Cladosporium is a fungal genus having diverse heterotrophic lifestyles and worldwide distribution (Bensch et al. 2012). Members of Cladosporium include saprophytes and some are reported as parasites of plants, insects, other fungi, and fungal plant pathogens (Bensch et al. 2012, Heuchert et al. 2005). Some species of Cladosporium have been described as plant endophytes as well as seed-transmitted plant pathogens (Hernandez-Perez and Toit 2006). Previous studies reported hyperparasitism and antagonism effects of Cladosporium spp. towards fungal plant pathogens include: Cladosporium spp. and rust pathogens (Torres et al. 2017); C. tenuissimum parasitizing Cronartium flaccidum and Peridermium pini (Moricca et al. 2001); and C. cladosporioides parasitizing Venturia inequalis (Köhl et al. 2014).Moreover, Wang et al. (2013) showed Cladosporium spp. to produce compounds that inhibit the growth of Colletotrichum spp. and Phomosis viticola.

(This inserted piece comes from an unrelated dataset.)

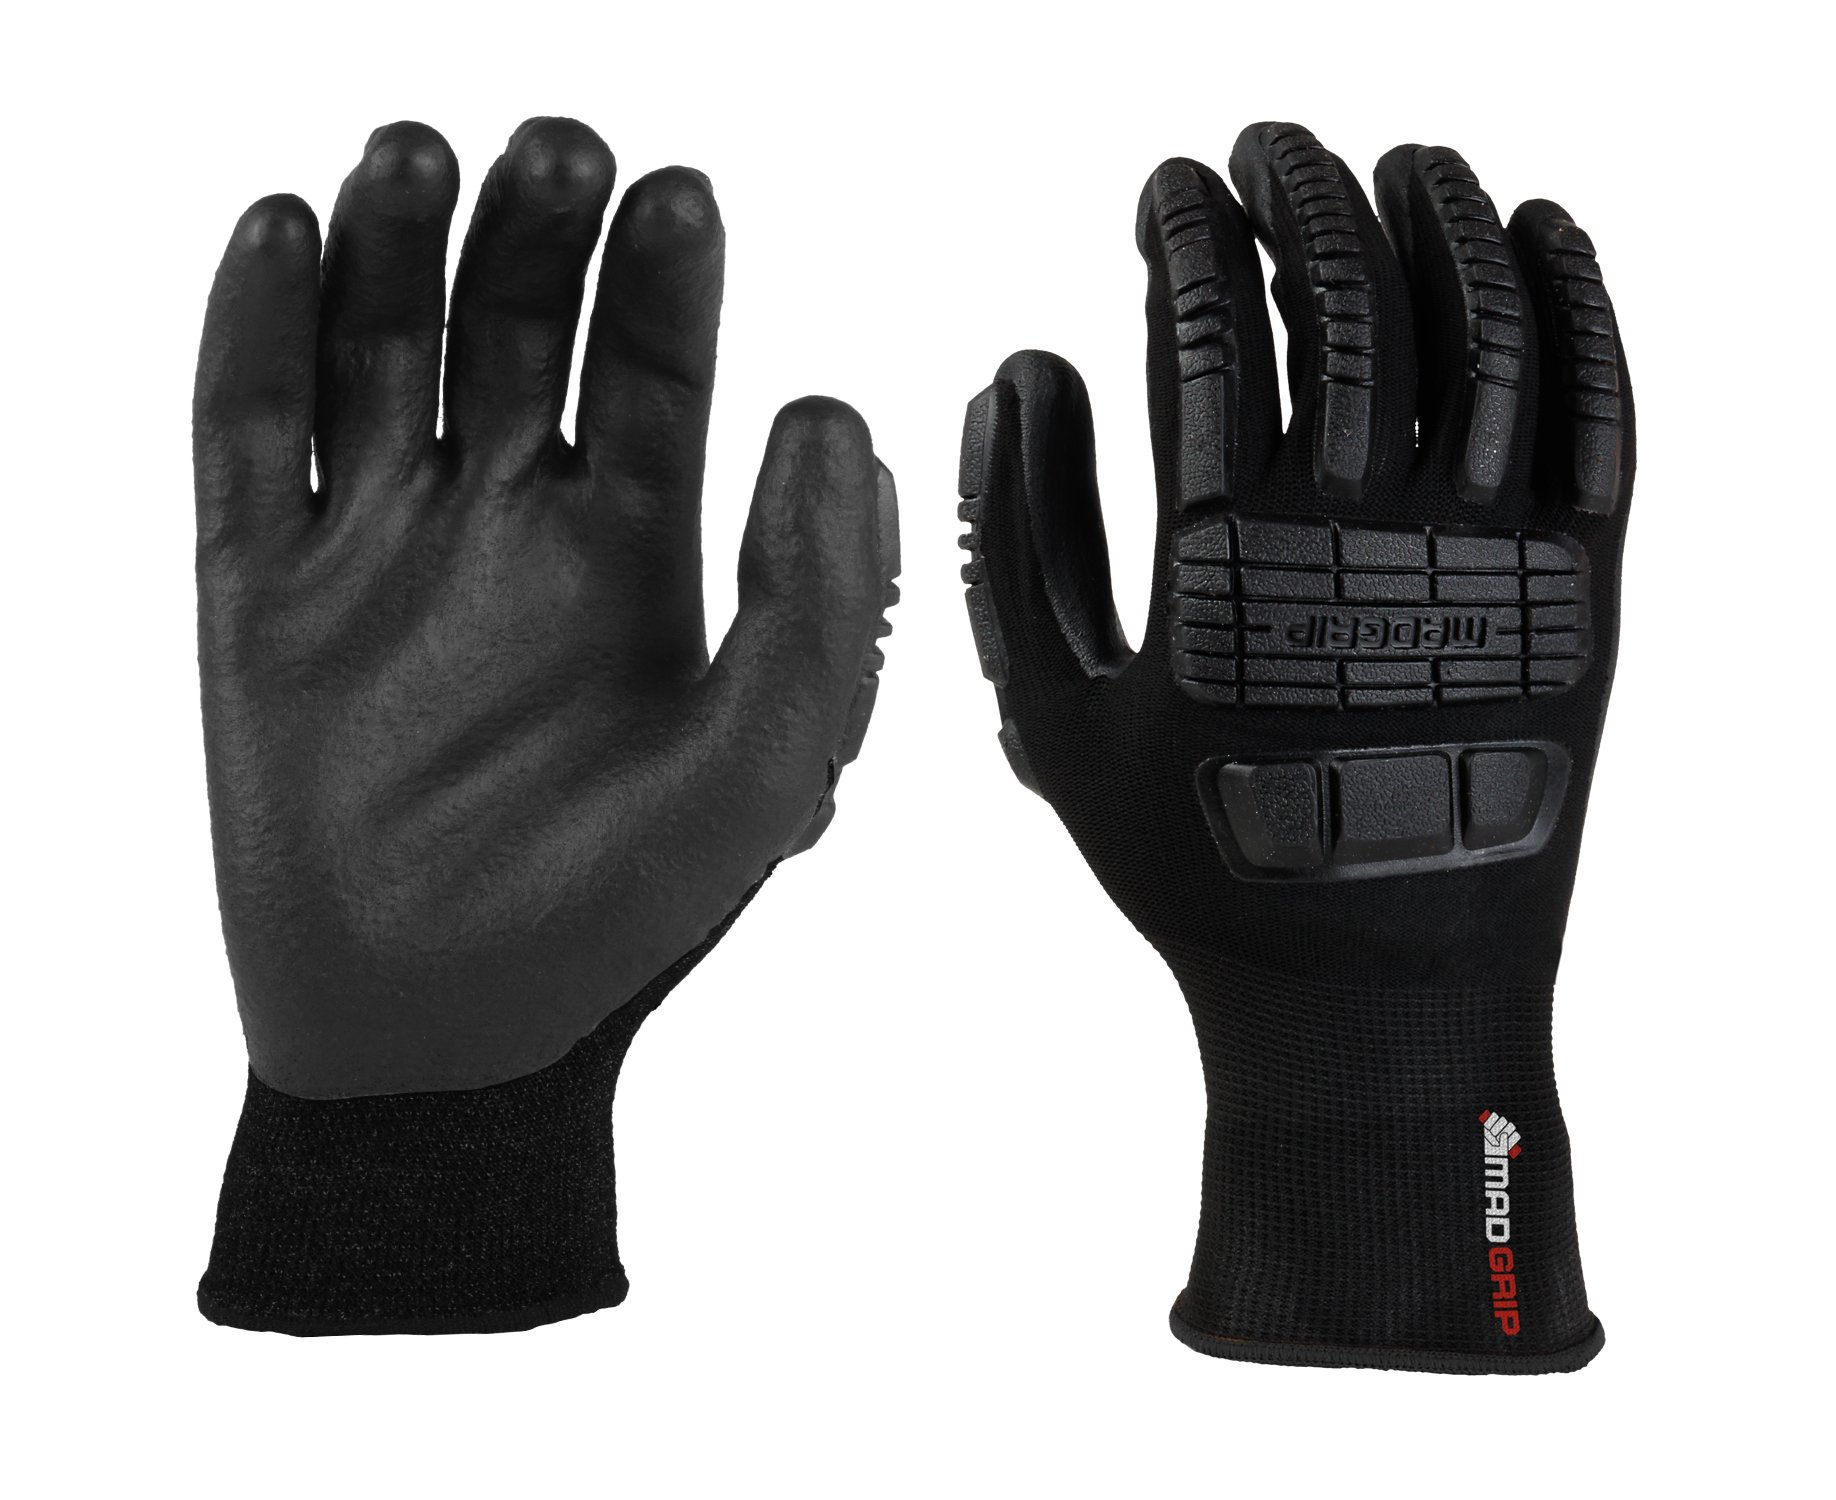 MadGrip Ergo Impact Foam Nitrile Palm Glove
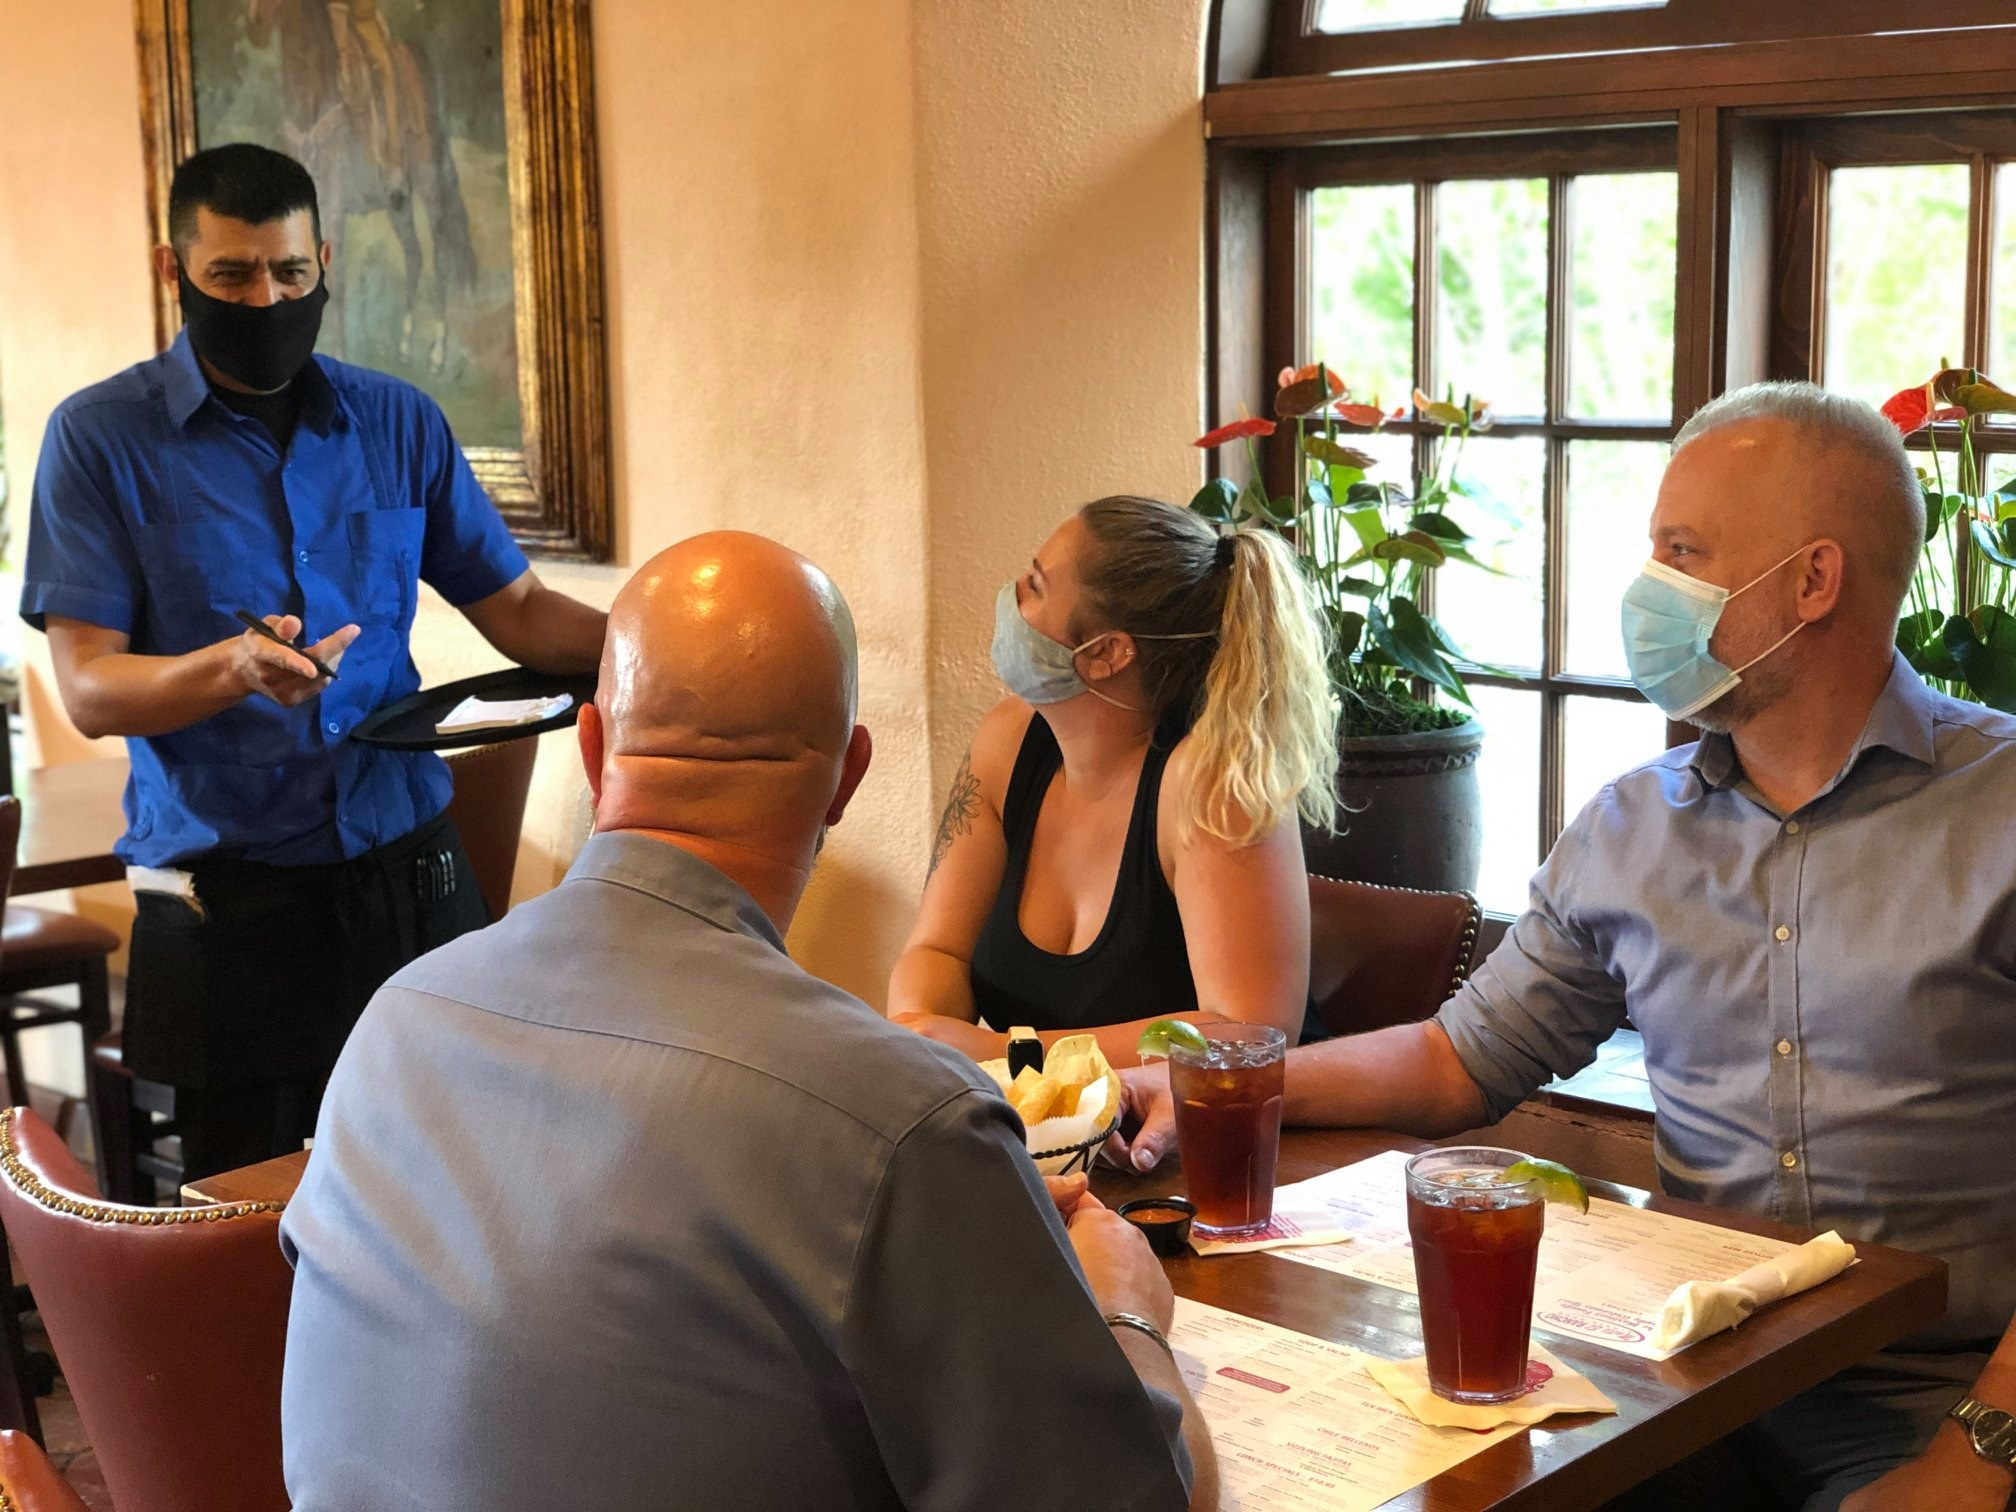 A server attending to a group dining at Matt's El Rancho

In 2017 and 2018, Bipolaris spp. and Cladosporium spp. were observed sporulating from the same foliar lesion on multiple grass. species. A study done by Adhikari et al. (2022) showed Cladosporium spp to reduce the disease severity caused by Bipolaris spp on grass and restrict the growth of Bipolaris colony in-vitro. This study tested the hypothesis that Cladosporium spp can control disease on agronomical crops such as wheat, corn, and rice caused by Bipolaris spp. A further objective of the study was to determine the mechanism of disease control and identify natural compound(s) in Cladosporium with antagonistic effects on Bipolaris. Ultimately, the goal of the study was to investigate a potential biological control and compounds of natural origin for management of economically important pathogens.